2305.321(B). In their second assignment of error, they contend that the trial court’s
decision denied them a right to a remedy.
{¶8} As noted by the court in Supportive Solutions Training Academy L.L.C. v.
Electronic Classroom of Tomorrow, 8th Dist. Nos. 95022, 95287, 2012-Ohio-1185,
“Under Civ.R. 8(C), a defendant is required to affirmatively set forth matters that will
effectively preclude a finding of liability on the part of the defendant. Failure to raise
such defenses in a responsive pleading or motion will constitute a waiver of those
defenses. Statutory immunity is an affirmative defense, and if it is not raised in a timely
fashion, it is waived. State ex rel. Koren v. Grogan, 68 Ohio St.3d 590, 594, 629 N.E.2d
446 (1994), Civ.R. 8(C); Civ.R. 12(H). Further, even if immunity is asserted as an
affirmative defense in a defendant's answer, it still must be asserted in the motion for
summary judgment. Leibson v. Ohio Dept. of Mental Retardation & Developmental
Disabilities, 84 Ohio App.3d 751, 761, 618 N.E.2d 232 (8th Dist.1992). However, a
summary judgment motion is not the proper format in which to raise an affirmative
defense for the first time in a case. Mossa v. W. Credit Union, Inc., 84 Ohio App.3d 177,
181, 616 N.E.2d 571 (10th Dist.1992). Affirmative defenses cannot be asserted for the
first time in a motion for summary judgment. Carmen v. Link (1997), 119 Ohio App.3d
244, 695 N.E.2d 28.” Id at paragraph 24. See also Brown v. Lincoln Hts., 195 Ohio
App.3d 149, 2011-Ohio- 3551, 958 N.E.2d 1280 (1st Dist). In Brown, the appellant
argued that the trial court had erred in granting the appellee’s motion for summary
judgment on the issue of recreational-user immunity under R.C. 1533.181. The
appellant asserted that the appellee waived the affirmative defense of recreational-
user immunity by failing to raise the defense in its answer. The First District Court of
Appeals agreed and reversed the trial court’s grant of summary judgment on the basis
of recreational-user immunity. See also Eulrich v. Weaver Bros., Inc., 165 Ohio
App.3d 313, 2005-Ohio-5891, 846 N.E.2d 542 (3rd Dist.).

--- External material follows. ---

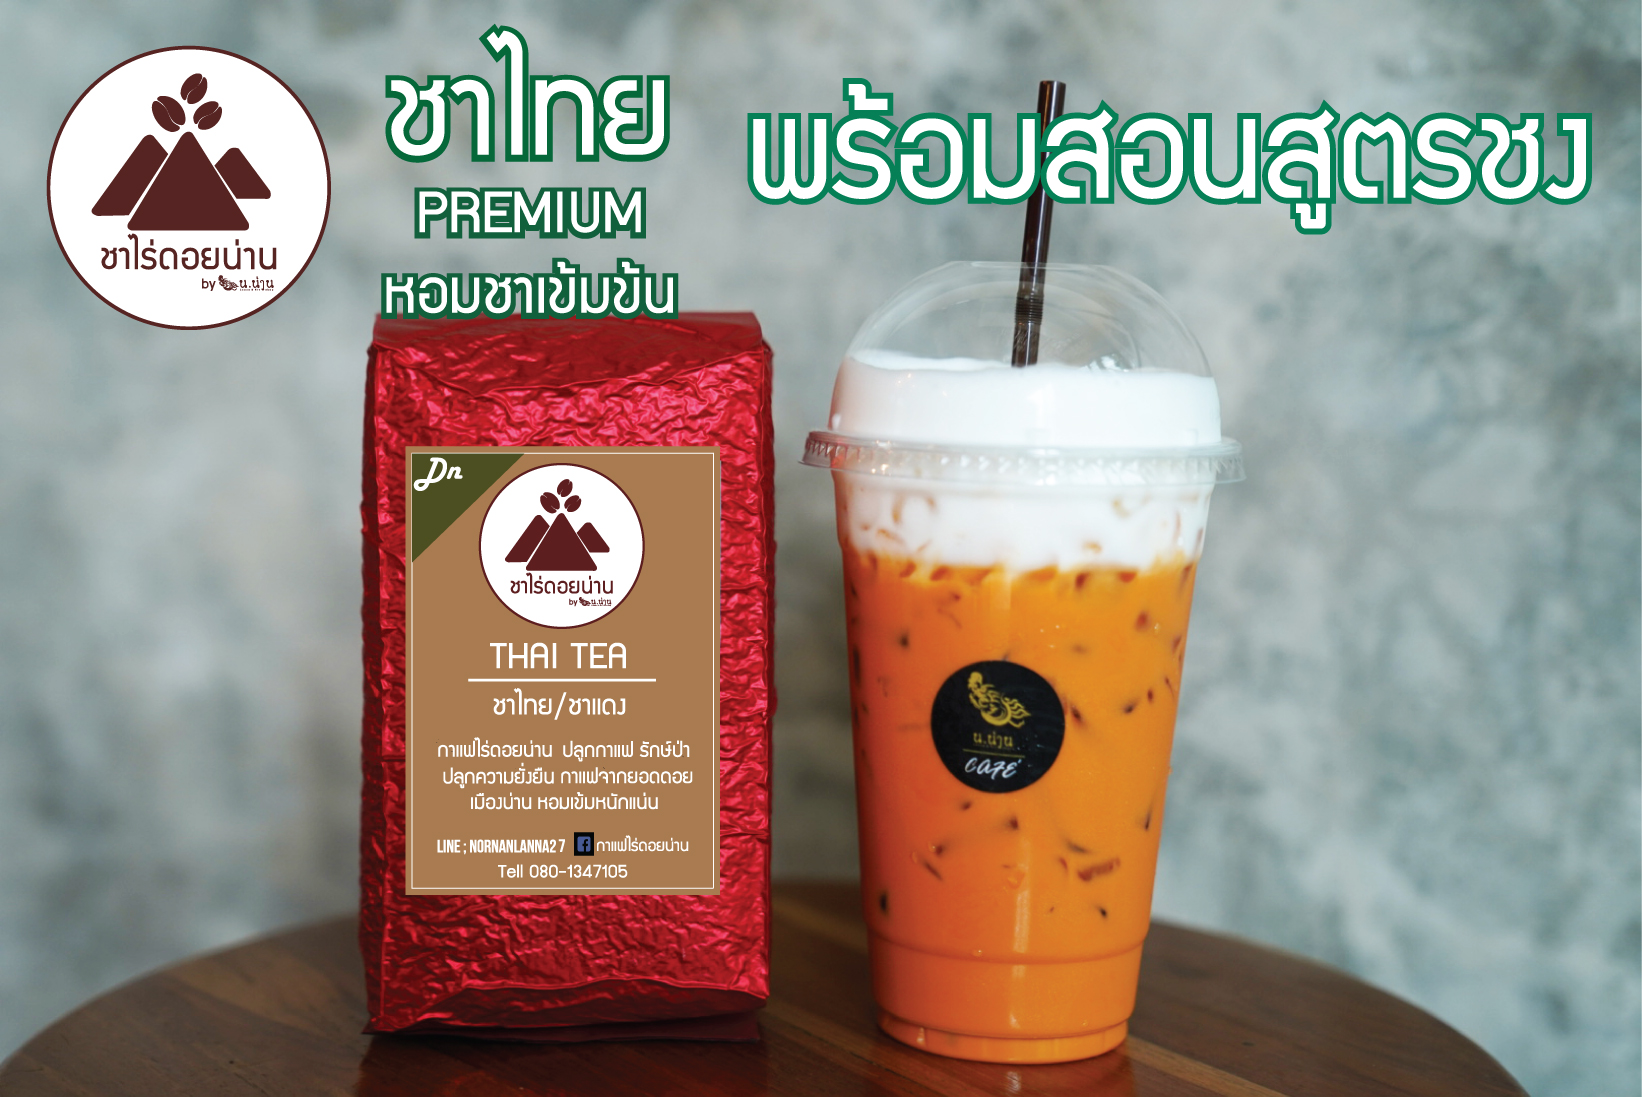 ผงใบชาไทย(ชาแดง) Premium สำหรับทำชาไทยชา ชามะนาวน้ำผึ้ง หอมเข้มข้นรสชา ถุง 500 กรัม(สูตรชงอยู่ในรายละเอียดสินค้า) ชาไร่ดอยน่าน

{¶9} In the case sub judice, appellee did not raise the affirmative defense of
immunity under R.C. 2305.321 in his answer. He, therefore, could not raise such
defense for the first time in his Motion for Summary Judgment. We find, therefore, that
the trial court erred in granting appellee’s Motion for Summary Judgment.
{¶10} Appellants’ first assignment of error is, therefore, sustained. Appellants’
second assignment of error is moot.
{¶11} Accordingly, the judgment of the Knox County Court of Common Pleas is
reversed and this matter is remanded for further proceedings.
By: Baldwin, J.
Wise, P.J. and
Delaney, J. concur.
HON. CRAIG R. BALDWIN
HON. JOHN W. WISE
HON. PATRICIA A. DELANEY
CRB/dr
IN THE COURT OF APPEALS FOR KNOX COUNTY, OHIO
FIFTH APPELLATE DISTRICT
:
JAMES R. WEMER, ET. AL., :
:
Plaintiffs-Appellants : JUDGMENT ENTRY
:
:
-vs- :
: Case No. 12CA17
JOHN WALKER AKA JOHNNIE :
WALKER :
:
Defendant - Appellee :
For the reasons stated in our accompanying Opinion on file, the judgment of the
Knox County Court of Common Pleas is reversed and this matter is remanded for
further proceedings. Costs assessed to appellee.